Kinzie sneered again, but then she came to the couch and sat on the arm. Her eyes twitched, then her lips. “Remember how Mom and Dad taught us to hunt fringe dwellers? Then you went noble and started protecting them.”
Saskia’s mom never forgave her for joining the Guard, and openly mocked her when she’d been forced out due to injury. She’d been paralyzed and none of them came to help her or claim her. That was why she stayed on Oriana.
“Then you started bringing the fringe dwellers here and hiding them in Quin,” Kinzie continued. “Well, when Dad joined the Enn, he tracked every one of them down.”
“Are you telling me that everyone Oriana saved is dead?” Saskia asked, glaring up at her sister.
Kinzie shook her head, her expression getting softer by the moment.
“You had more impact on him than you think,” she said, sliding off the arm of the couch and sitting on the cushion by Saskia’s feet. “He kept an eye on them, and made sure none of them crossed the law. Then when you died, or we thought you did…”
She looked down at her hands, then up.
“Spit it out, Kinzie,” Saskia said, sitting up.
“A body washed up in the river two months ago,” she said. “One of the fringe dwellers. When Dad checked on the others, half of them were missing, too. More go missing each week. He thinks someone was using his flags in the Enn database to find all those fringe dwellers
. The body that washed up was completely drained of blood. He found another a few weeks later, oxygen starved to the point of being a vegetable.”
“Does he know who’s doing it?” Saskia asked.
“No,” she said, tucking her hair behind her ears and looking at her knees. “But now that you’re back, he’s finding more bodies. Instead of one every few weeks, it’s one every few days, and they’re not all in Clover. It’s in every Dome.”
“The refugees came to escape Terrana—to escape Parker and Solvere. With the ports closed and no contact with Terrana to generate bounties, who would come after them?” Saskia asked.
“Ask your boyfriend,” she said, a knee-jerk sneer surfacing. “Dad said the last body to wash up drained of blood like that came from Vimbai’s hill thirty years ago.”

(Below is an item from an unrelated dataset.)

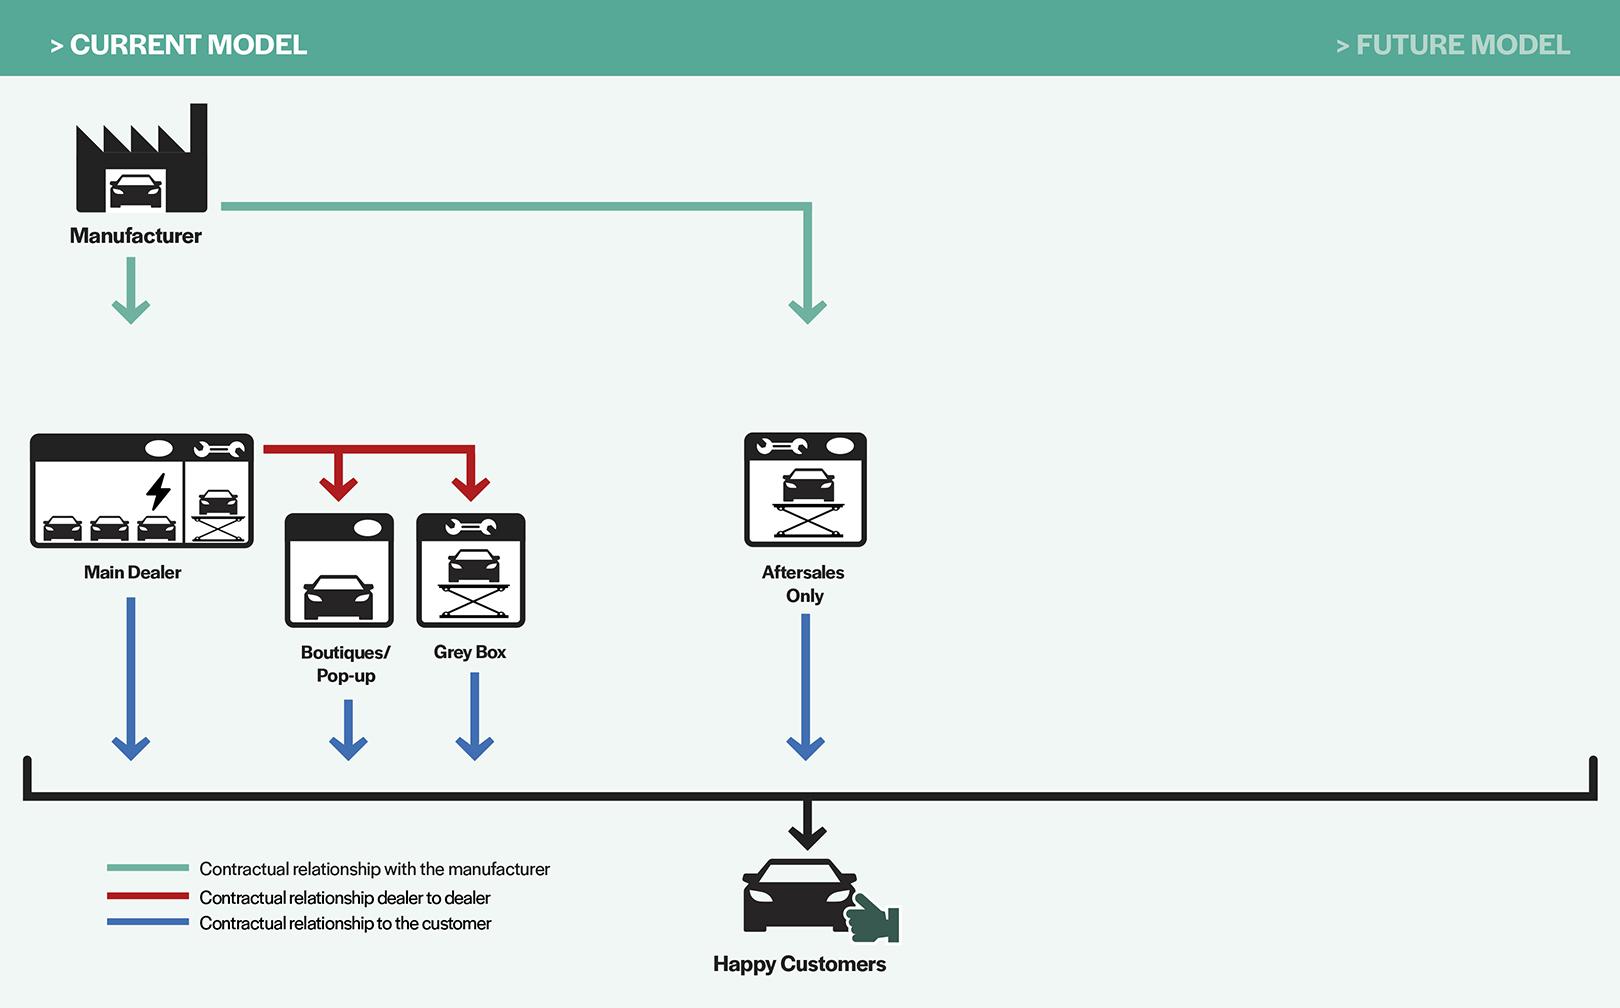 Current Distribution Models

That was strange, but Morrigan had said there was a grudge against the Vimbai family. Perhaps someone was trying to frame them.
“What are the Enn doing about it?” Saskia asked.
“Not much,” she shrugged. “When a fringe dweller disappears, no one really cares. That’s what makes hunting them a sport and not a crime. They’re trying to stay hidden. They’re trying to go unnoticed. If Dad hadn’t compiled the list, he wouldn’t have known the other dozen were missing yet. He’d just have the bodies.”
“How many bodies so far?” Saskia asked.
“Eight. Five since Oriana got back. Too many to be coincidence. Someone is definitely going after people you saved,” Kinzie said, standing up again, taking a deep breath. “And even though he’s not a Terranan refugee, you did save that little guy with the red hair—”
“Hawk,” Saskia murmured, standing as well. “He’s not here.”
“I know. Dad had him followed once he started seeing the pattern of bodies,” Kinzie said, her attention already wandering from the subject. She gawked at the Bobsled and ran her hand over the belly. “He was last seen at the fairgrounds with Wanda Genova. She was dressed pretty flashy, like she wanted to be noticed. Like she wanted the other bosses to know she was taking him.”